# Screws in framing?



## jomama45 (Nov 13, 2008)

Standard screws don't have the sheer strength of a framing nail, UNLESS they are made specifically for framing. Framing screws are hard to find & far more expensive than nails though.


----------



## kwikfishron (Mar 11, 2010)

jomama45 said:


> Standard screws don't have the sheer strength of a framing nail, UNLESS they are made specifically for framing. Framing screws are hard to find & far more expensive than nails though.

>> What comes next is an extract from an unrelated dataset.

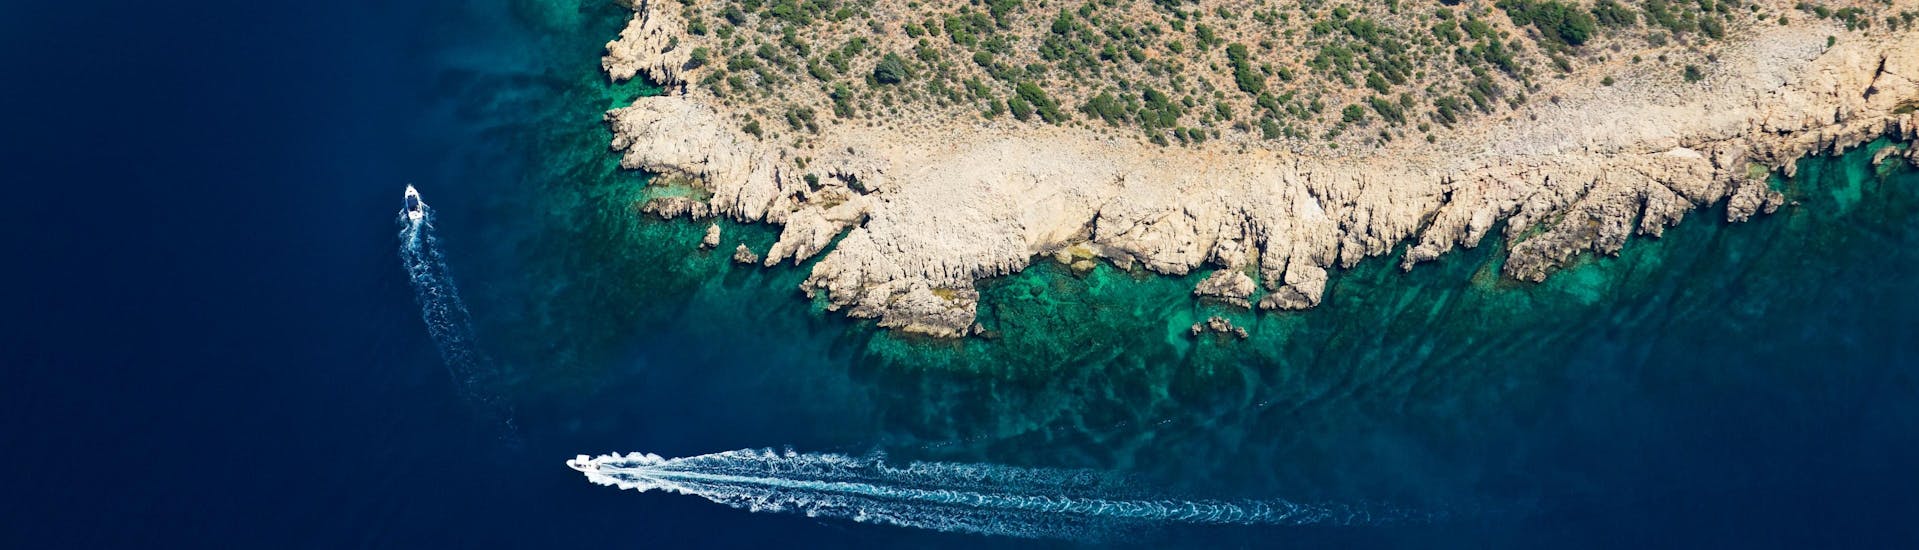 Vista aerea sulla costa di Plavnik, una delle destinazioni che si possono visitare con una gita in barca da Krk.

Not to mention nails are fast, screws are slow. Although I use screws here and there in remolding. Sometimes you just can’t get a nail in there.


----------



## CrpntrFrk (Nov 4, 2008)

Most people thinks screws are stronger. As mentioned the right type of screw will do but lots of people use the wrong type of screws. Most of them do not have the shear strength that a nail does. Drive say a 2 1/2" drywall screw down till there is only a 1/2" still exposed and then do the same with a 8d sinker. Take your hammer using a sideways swing hit the screw and nail head. Usually the screw head will snap and the nail will bend.


----------



## Daniel Holzman (Mar 10, 2009)

Oh the misunderstood screw. The shear strength of a steel screw or nail is controlled by the ultimate tensile strength of the steel itself, and the diameter of the screw or nail. A screw with the same root diameter as a nail, made of the same type of steel, is just as strong in shear, and a great deal more resistant to pullout. The key is to measure the ROOT diameter of the screw, not the THREAD diameter. Since the root diameter is always smaller than the thread diameter, comparing a screw with a thread diameter of 1/8 inch to a nail with a 1/8 inch diameter is incorrect, and can lead to the misunderstanding that screws are not as strong in shear.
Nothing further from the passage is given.